Intussen is het logement wereldberoemd omdat het tussen de jaren 1950 en 1980 uitgroeide tot een waar begrip van de tegencultuur. Het werd een iconische ontmoetingsplaats voor artiesten, kunstenaars en vrijbuiters. De slogan van het hotel is trouwens: ‘a rest stop for rare individuals’. Veel beroemdheden hebben het hotel bezocht en bewoond. Zeg nu zelf: Leonard Cohen bezong het hotel en dat leverde hem – op zijn 75ste verjaardag – een naamplaat op aan de gevel van het gebouw. Arthur C. Clarke schreef er in residence 2001: A Space Odyssey en William S. Burroughs pende er zijn The Naked Lunch. Andy Warhol filmde er in 1966 zijn beroemde Chelsea Girls, een bijna vier uur durend portret in splitscreen over de toenmalige hotelgasten.

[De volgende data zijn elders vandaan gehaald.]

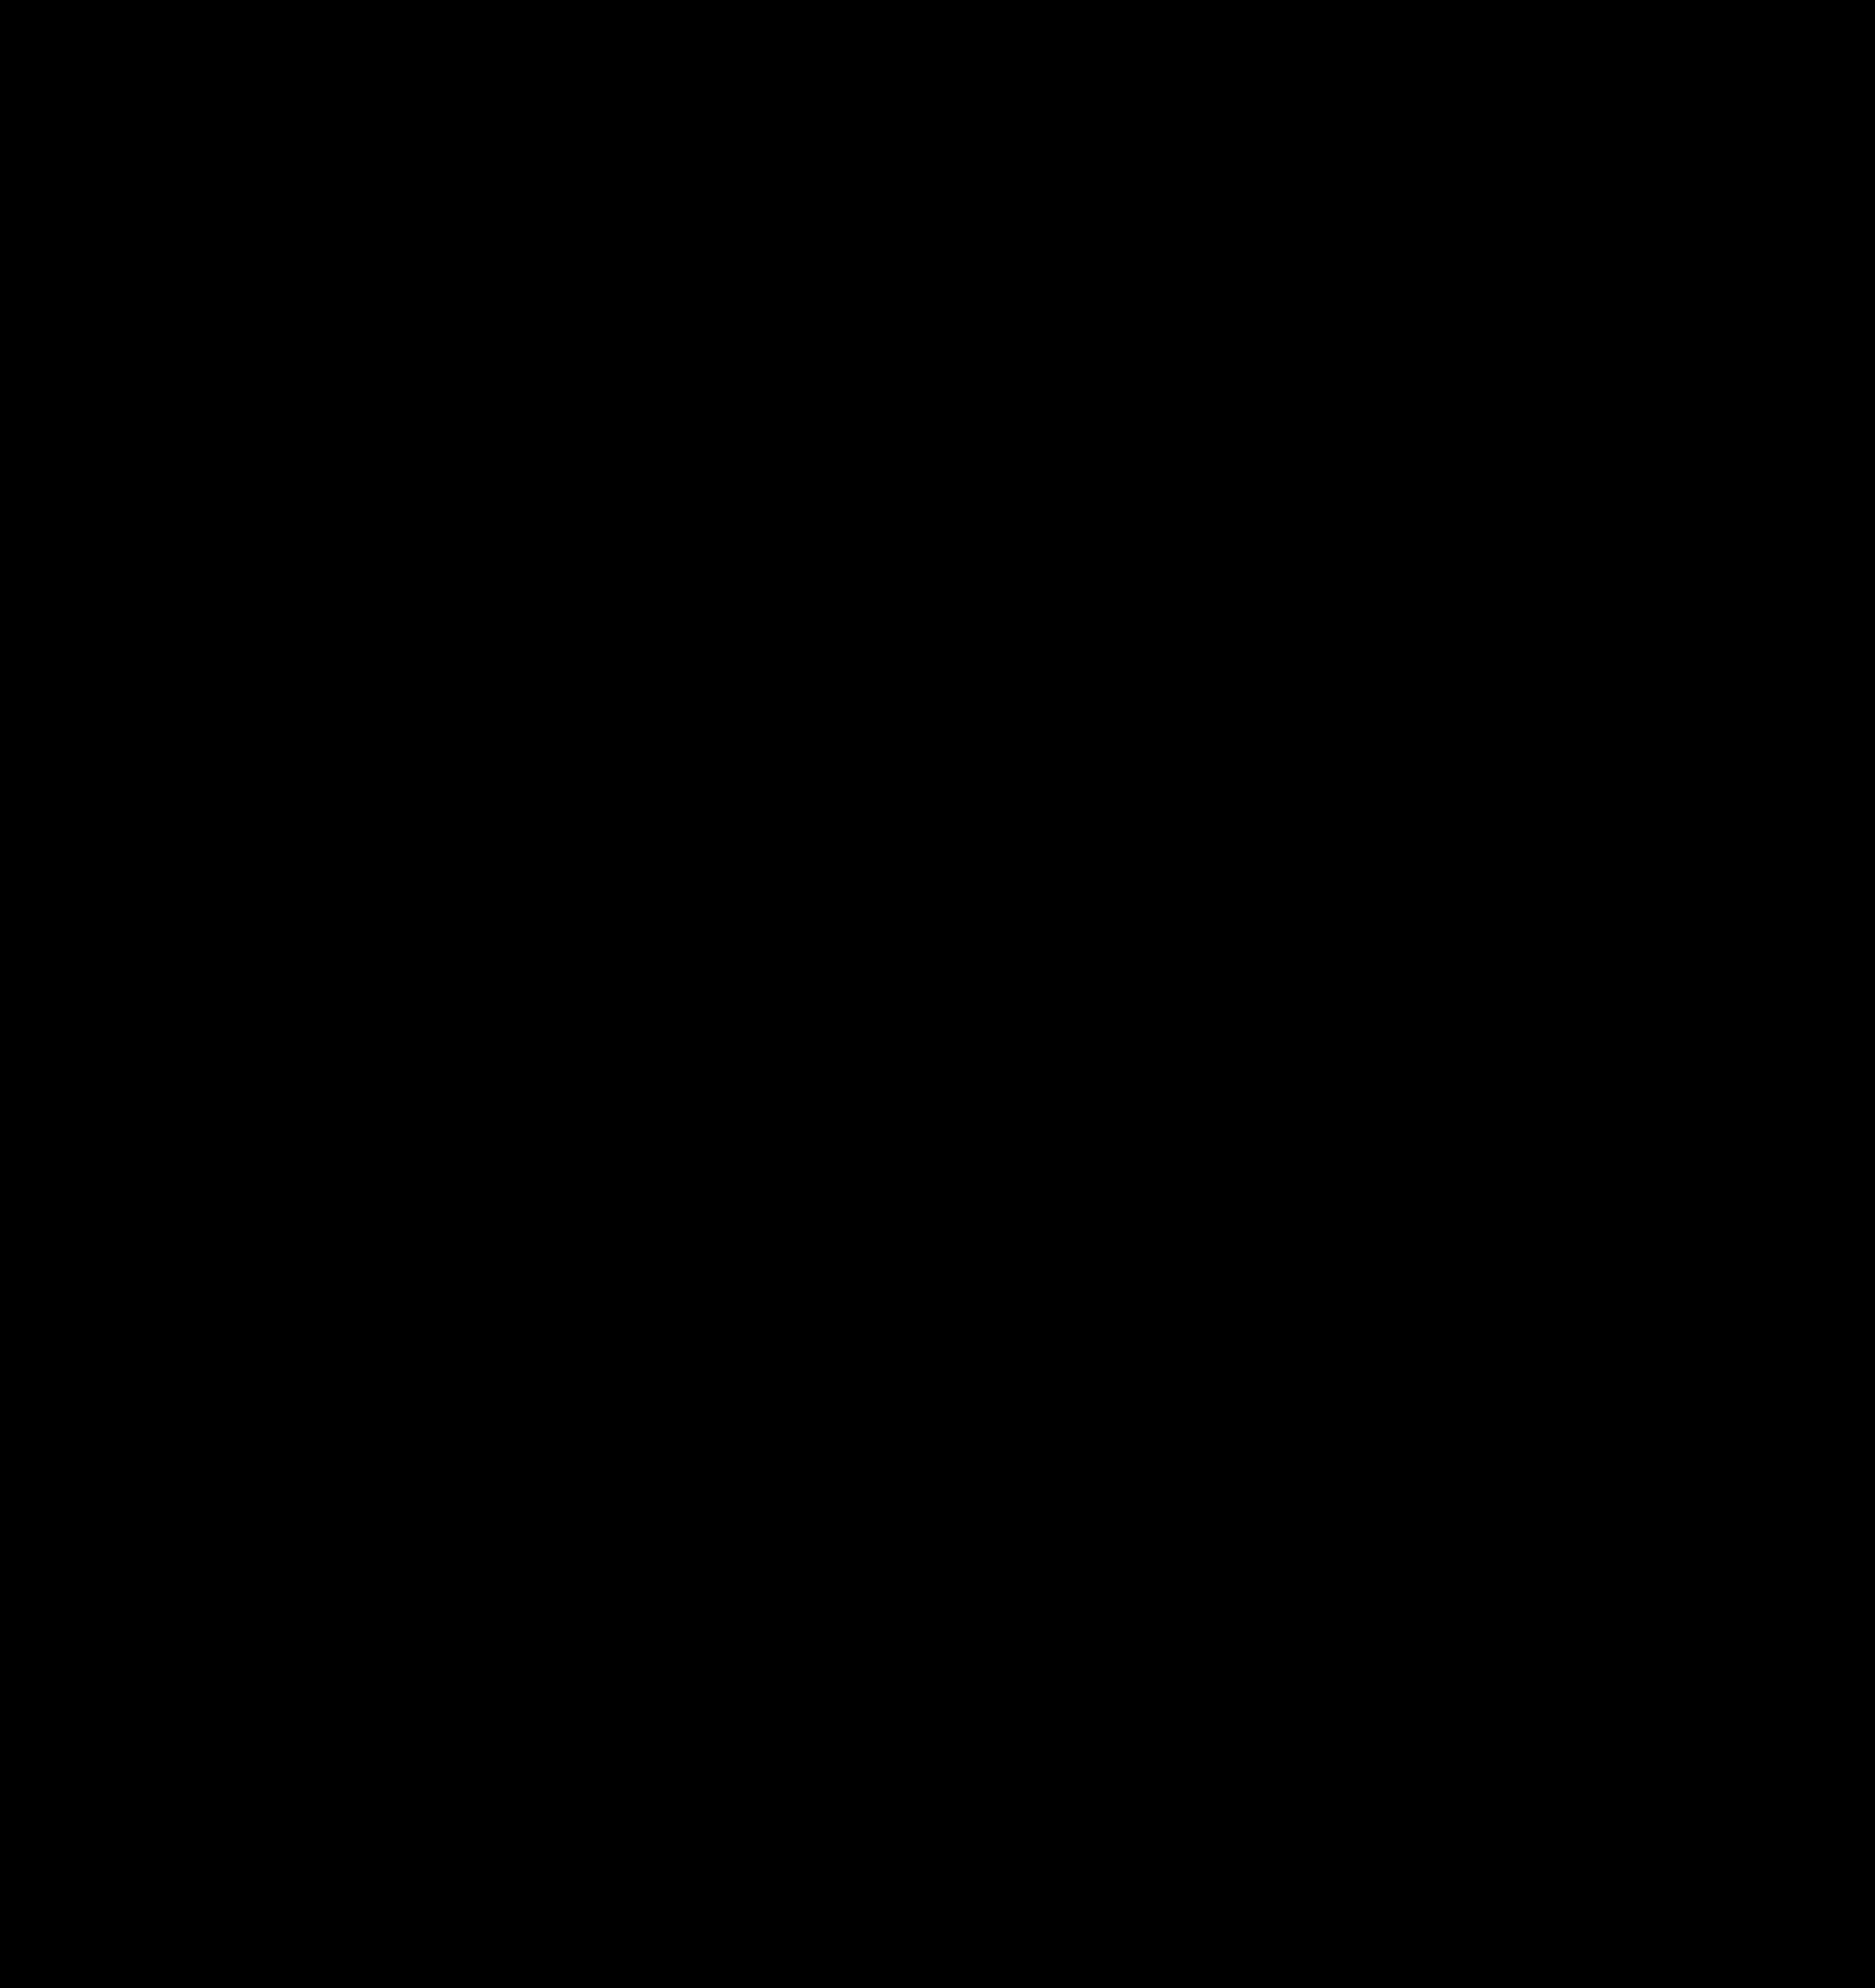 """Разработайте логотип для торговой марки """"Семья довольна"""" фото f_8745b9bacab820fd.png"""

Patti Smith hokte er een lange tijd samen met Robert Mapplethorpe. Befaamde auteurs (Arthur Miller, Tennessee Williams, Gore Vidal, Jack Kerouac), musici (Bob Dylan, Janis Joplin, Jim Morrison, Jimi Hendrix, Nico, The Rolling Stones, Edith Piaf, Grateful Dead, Joni Mitchell, Madonna), beroemde regisseurs en acteurs (Stanley Kubrick, Miloš Forman, Sarah Bernhard, Marilyn Monroe, Sam Shepard, Dennis Hopper, Uma Thurman, Ethan Hawke, Jane Fonda) en kunstenaars (Jasper Jones, Julian Schnabel, Tom Wesselman) frequenteerden het hotel. Eveneens historisch is het feit dat Sid Vicious (basgitarist van de The Seks Pistols) er in 1979 zijn vriendin Nancy Spungen in kamernummer 100 doodstak.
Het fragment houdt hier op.